Dennis Patera

No. 14, 90
- Position: Placekicker

Personal information
- Born: October 17, 1945 (age 80) Portland, Oregon, U.S.
- Listed height: 6 ft 0 in (1.83 m)
- Listed weight: 214 lb (97 kg)

Career information
- High school: Cleveland (Portland)
- College: BYU (1967)
- NFL draft: 1968: 17th round, 449th overall pick

Career history
- San Francisco 49ers (1968); Portland Loggers (1969);

Career NFL statistics
- Field goals: 2/8
- Field goal %: 25
- Longest field goal: 21
- Extra points: 10/13
- Extra point %: 76.9
- Stats at Pro Football Reference

= Dennis Patera =

American football player (born 1945)

Dennis Allen Patera (born October 17, 1945) is an American former professional football player who was a placekicker for one season with the San Francisco 49ers of the National Football League (NFL).

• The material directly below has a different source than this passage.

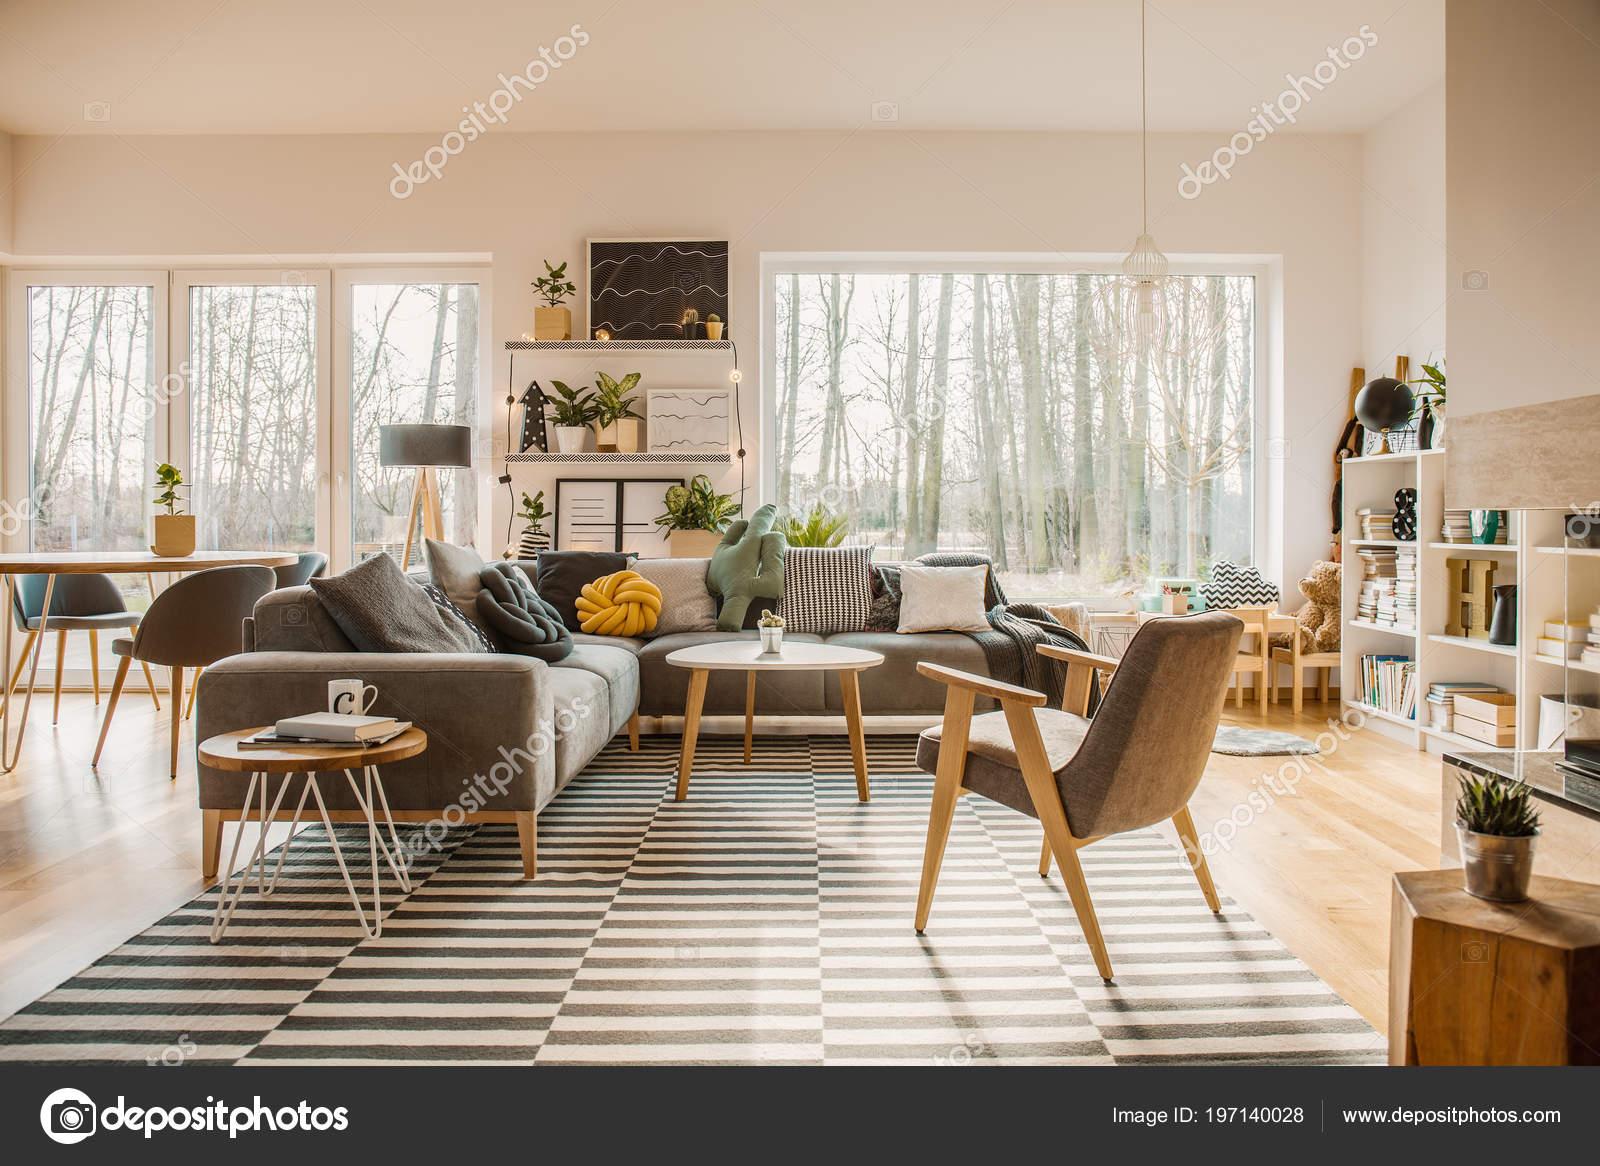 Grau Hölzerne Möbel Innen Ein Geräumiges Wohnzimmer Mit Weißen ...

He was selected by the 49ers in the seventeenth round of the 1968 NFL/AFL draft. He first enrolled at Columbia Basin College before transferring to play college football for the BYU Cougars.

==Early life==
Patera was a two-year letterman in football and a three-year letterman in track and field at Cleveland High School in Portland, Oregon. He earned All-PIL Honorable Mention honors in football. He was also the PIL Discus champion and State Meet Discus champion in track. Patera was inducted into the PIL Hall of Fame in 2011.

==College career==
Patera initially attended Columbia Basin College. He transferred to Brigham Young University and was a letterman in football and track for the BYU Cougars. He set school records in football for most points scored and longest field goal with a 53 yarder. Patera was also 2nd place in WAC Discus in track.

==Professional career==
Patera was selected in the 17th round by the San Francisco 49ers of the NFL with the 449th pick in the 1968 NFL/AFL draft. He played in five games for the team during the 1968 season.

==Personal life==
Patera is the brother of professional wrestler Ken Patera and American football player and coach Jack Patera.